Fri. Nov 8th, 2024
Occasional Digest - a story for you

CRA was passed nearly 50 years ago to redress the historical practice of redlining, when the government discouraged lenders from extending mortgage loans to Black borrowers — drawing a red line around neighborhoods that were to be avoided.

The flaws in the law’s current application are underscored by the fact that the racial homeownership gap is actually wider now than it was in 1968, when redlining was legal.

The new framework, which will go into effect starting in January 2026, requires banks to lend to lower-income communities in areas where they have a concentration of mortgage and small-business loans, rather than just where they have physical branches — a change meant to bring the CRA into the modern era of online banking. It assesses banks’ retail lending and community development financing with equal weight, using benchmarks based on peer and demographic data.

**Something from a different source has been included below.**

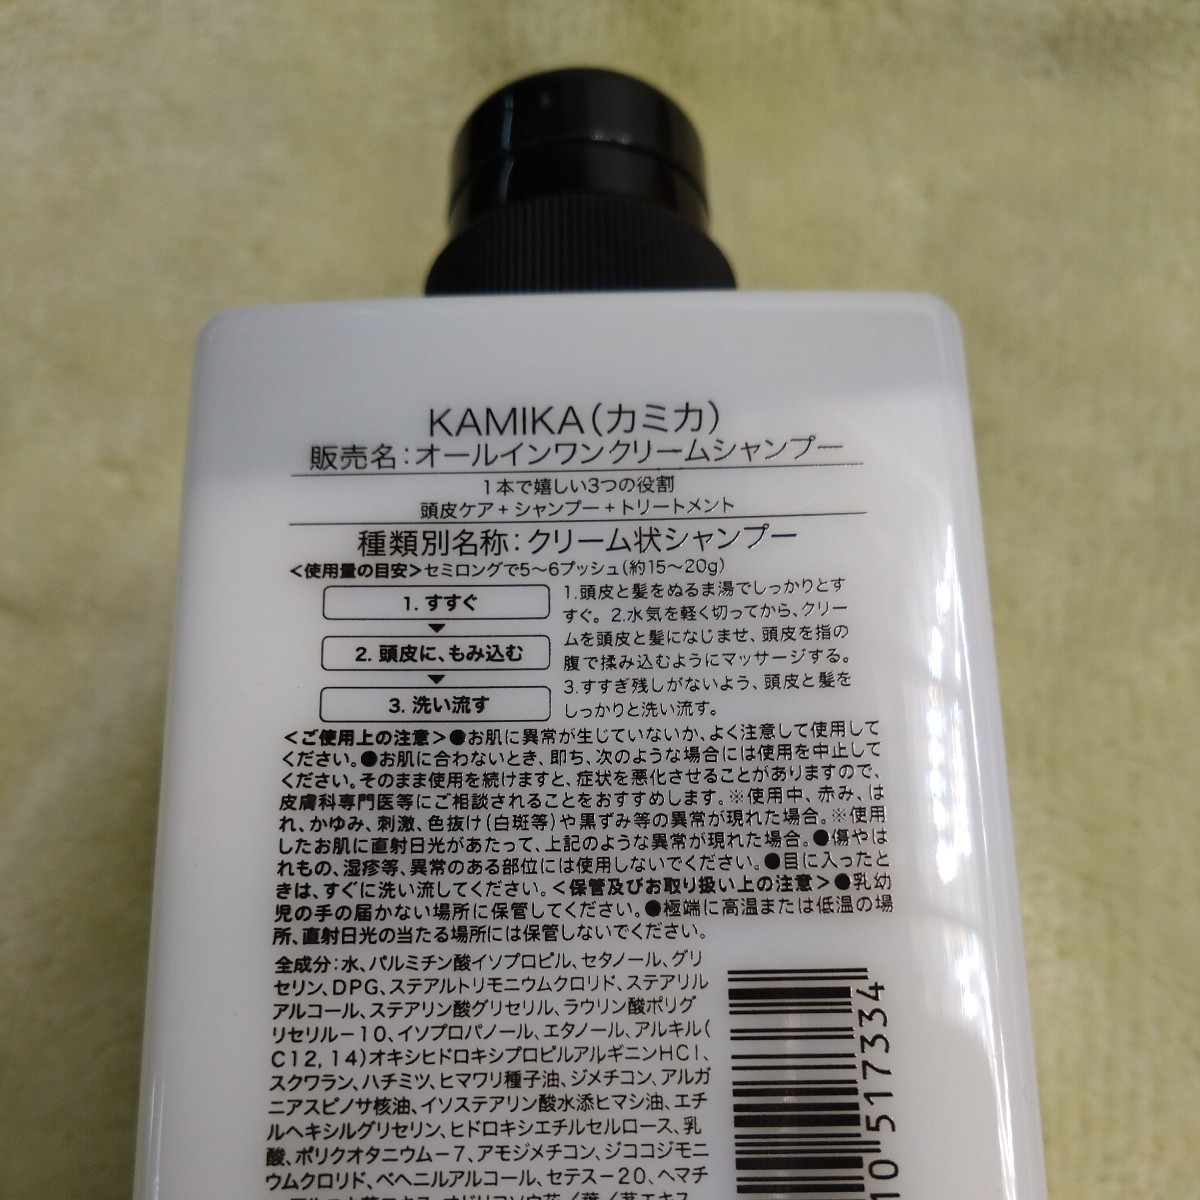 【未使用品】KAMIKA (カミカ) オールインワンクリームシャンプー 400g _画像2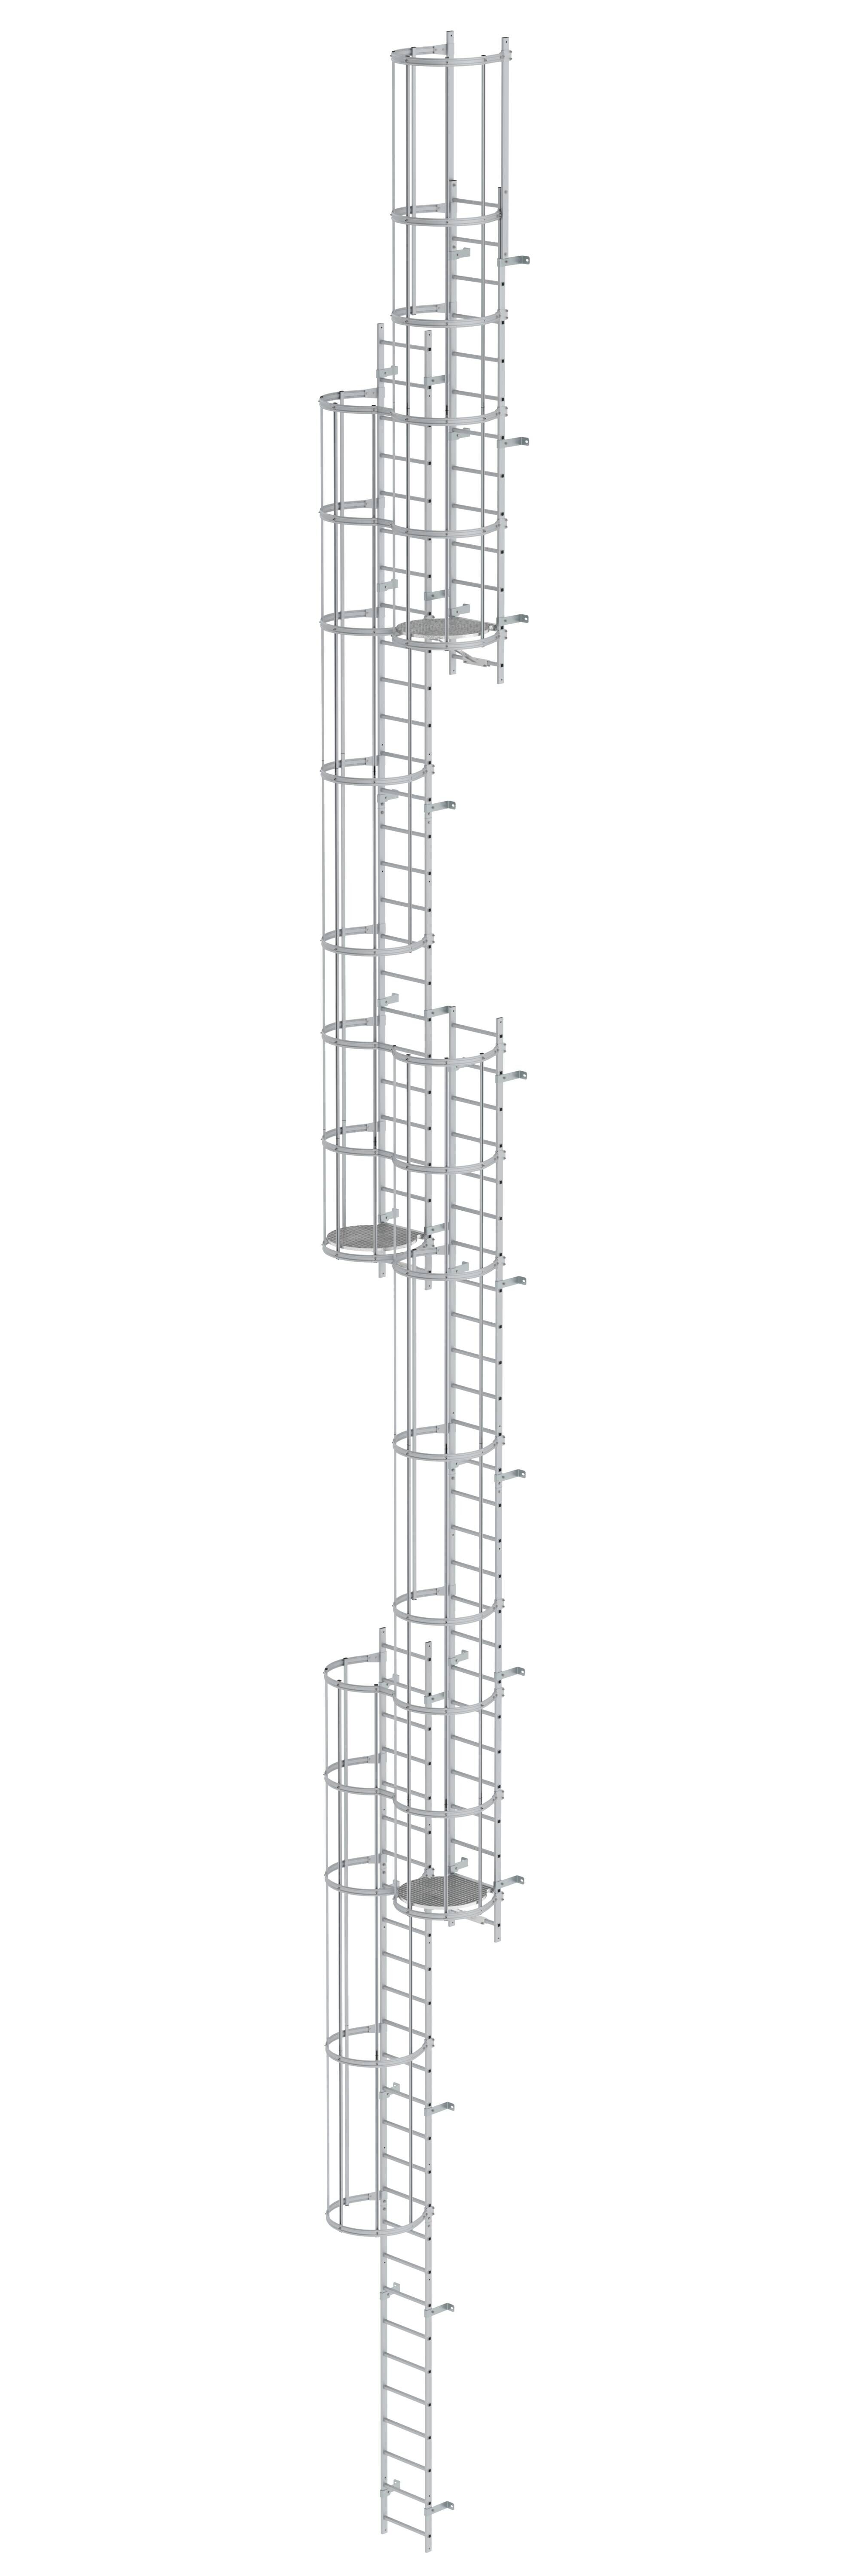 Mehrzügige Steigleiter mit Rückenschutz (Notleiter) Aluminium eloxiert 19,96m

Banks oppose the new loan-threshold test, which the Fed, the FDIC and the Office of the Comptroller of the Currency first proposed last year. Banking industry groups argue that the requirement could result in lenders shuttering operations or restricting loans in more sparsely populated areas to avoid triggering CRA obligations for the broader region.

Fed Chair Jerome Powell defended the rule.

It “will better achieve the purposes of the law by encouraging banks to expand access to credit, investment, and banking services in low- and moderate-income communities,” Powell said in a statement. He said it is adapted to “changes in the banking industry, such as mobile and online banking; providing greater clarity and consistency in the application of the CRA regulations; and tailoring to bank size and type.”

For large banks, the new retail-lending assessment areas would apply to areas where they originated more than 150 closed-end home mortgage loans or 400 small business loans in both of the previous two years — an increase from the proposed rule’s 100-mortgage and 250-small-business-loan thresholds.

Any bank with over $2 billion in assets is considered a “large bank” under the rule, with smaller banks exempt from new data requirements. For banks with more than $10 billion in assets, the evaluation of retail services and products would include online banking.

Still, community banks with over $600 million in assets would also have to comply with a new retail-lending test, expanded assessment areas and increased reporting requirements.

Under the new retail-lending test, nearly 10 percent of banks would score a “needs to improve” rating, according to an agency analysis of data from 2018 to 2020, compared with about 1 percent of banks getting that rating today.

Such a score on the retail lending test would preclude those banks from getting an overall “satisfactory” CRA rating under the final rule — below which banks are generally prohibited from merger and acquisition activity.

Fed Governor Michelle Bowman voiced opposition to the rule, saying the regulators “have arguably exceeded the authority granted by the CRA statute” by evaluating banks outside of their “deposit-taking footprint.”

“The final rule is unnecessarily complex, overly prescriptive, and contains disproportionately greater costs than benefits, adding significantly greater regulatory burden for all banks, but especially for community banks,” she said in a prepared statement.

Bowman also questioned why the agencies needed to update the rule in the first place.

“The premise of the changes being made in this rule is that banks are not doing enough to meet the credit needs of their communities,” she said. “Yet, there is no evidence provided to support this premise.”

Fair-lending and civil rights advocates say the current rules clearly aren’t working, noting the racial homeownership gap — 75 percent of white Americans own their homes, compared with 46 percent of Black Americans.